In some embodiments, in response to the actual data of the first performance indicator being demand change data, the server may perform S701-S705.
It can be understood that, when the actual data of the first performance index is the demand change data, the server may obtain the actual data of the second performance index. The server may then determine a target similarity indicating a degree of similarity between the actual data of the second performance metric and the predicted data of the second performance metric. If the target similarity is smaller than the preset similarity threshold, the server may update a plurality of influence parameters, where the updated plurality of influence parameters include: the degree of influence between the first performance indicator and the second performance indicator. Then, the server may update the target relationship map according to the updated plurality of influence parameters. Therefore, the server can update the target relation map, and the accuracy of the target influence parameters is improved.
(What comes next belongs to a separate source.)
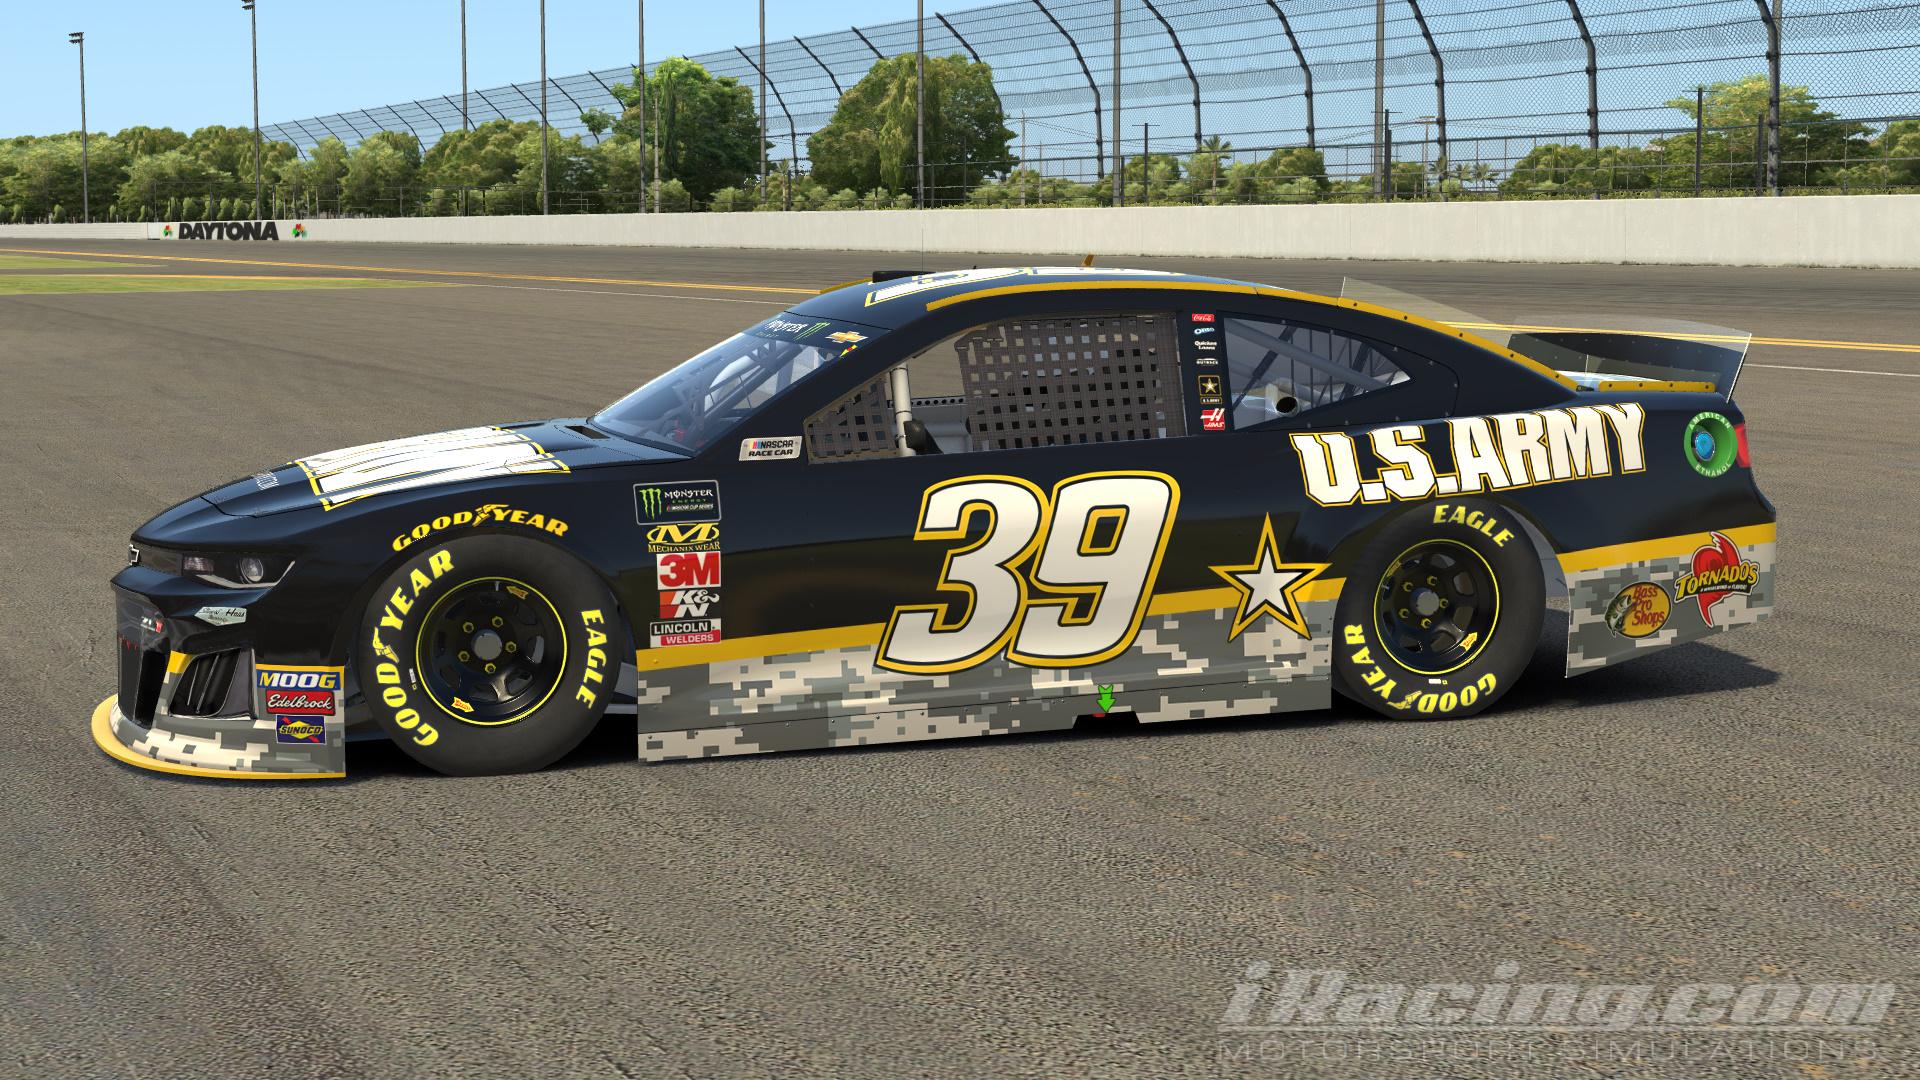 Preview of Ryan Newman - U.S. Army Chevrolet Camaro by Mike E Holloway
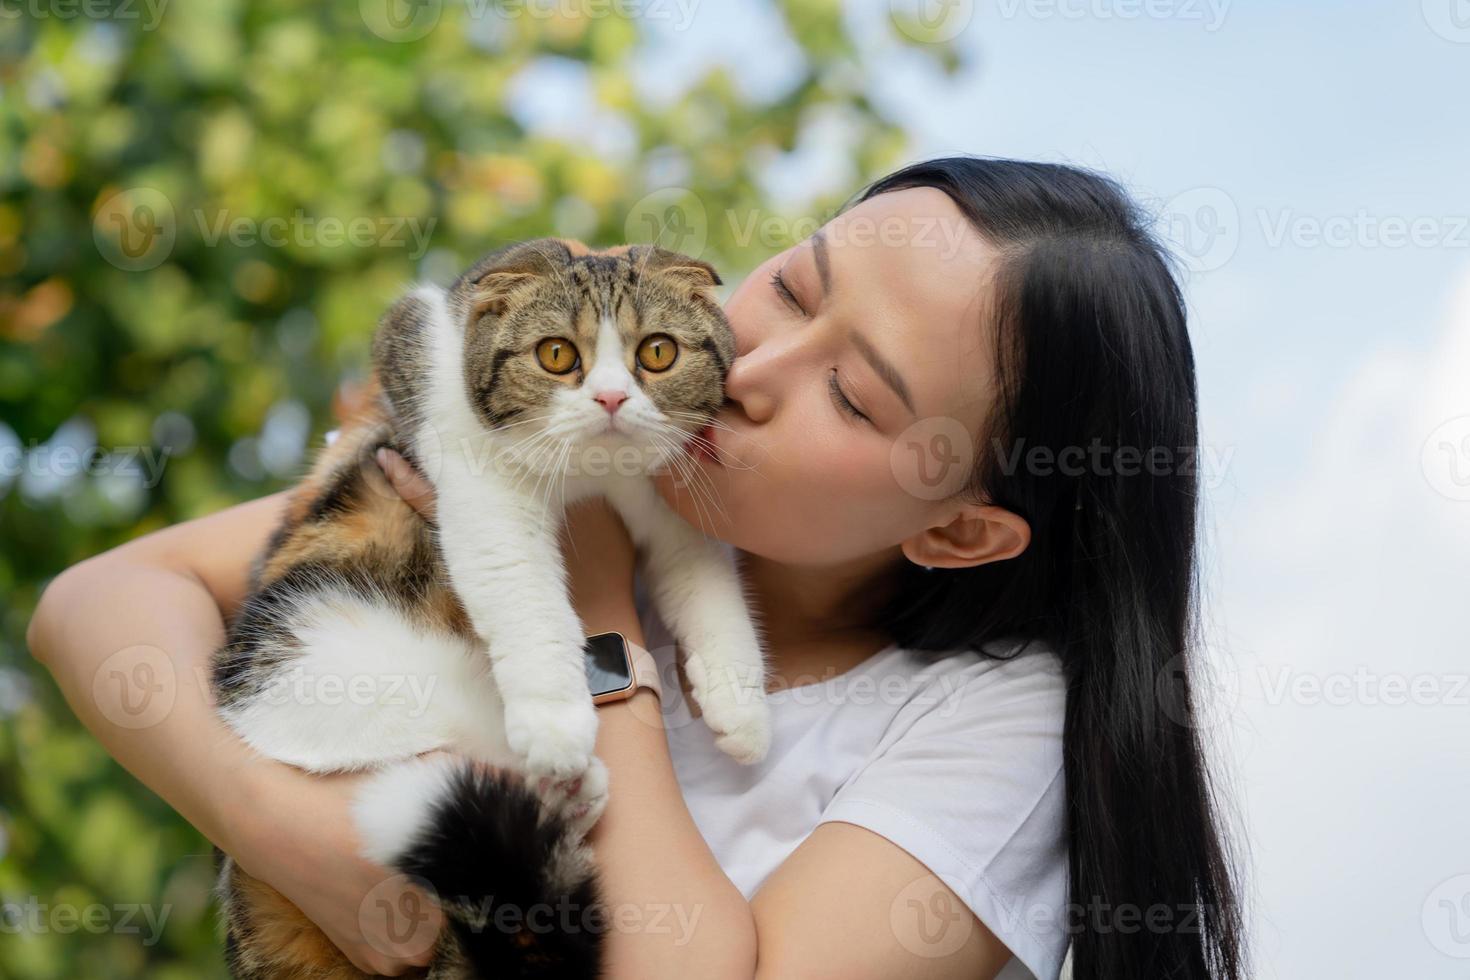 Beautiful young girl holds a Scottish cat with orange eyes, outdoor, close-up photo

In some embodiments, the server may obtain the requirement change data of the first network element device when the requirement change data is the performance data after the first performance index is changed. Then, the server may change the data and the target relationship map according to the demand, and determine the prediction data of the second performance index.
In a possible implementation manner, after the server obtains the requirement change data of the first network element device, the server may determine the second performance index according to the first performance index and the target relationship map. The server may then obtain current data for the second performance metric. The server may then determine the changed data for the second performance indicator based on the demand change data and the target relationship map. The server may determine prediction data for the second performance indicator.
Illustratively, it is assumed that the plurality of network element devices include: the network element equipment comprises a UDM network element 1 and a UDM network element 2, the first network element equipment is the UDM network element 1, the first performance index is the number of 5G active users, and the second performance index comprises: the authentication request times of the UDM network element 1, the number of 5G active users of the UDM network element 2 and the subscription user data request times of the UDM network element 2. If the first performance index before the change is 500, the number of authentication requests of the UDM network element 1 before the change is 250, the number of 5G active users of the UDM network element 2 before the change is 500, and the number of data requests of a subscription user of the UDM network element 2 before the change is 300. If the changed first performance index is 600, the prediction data of the authentication request times of the UDM network element 1 is 300, the prediction data of the 5G active user number of the UDM network element 2 is 600, and the prediction data of the subscription user data request times of the UDM network element 2 is 360.
The foregoing describes the solution provided by embodiments of the present application primarily from the perspective of a computer device. It will be appreciated that the computer device, in order to implement the above-described functions, comprises corresponding hardware structures and/or software modules for performing the respective functions. Those skilled in the art will readily appreciate that the exemplary performance data prediction method steps described in connection with the embodiments disclosed herein may be implemented in hardware or a combination of hardware and computer software. Whether a function is performed as hardware or computer software drives hardware depends upon the particular application and design constraints imposed on the solution. Skilled artisans may implement the described functionality in varying ways for each particular application, but such implementation decisions should not be interpreted as causing a departure from the scope of the present application.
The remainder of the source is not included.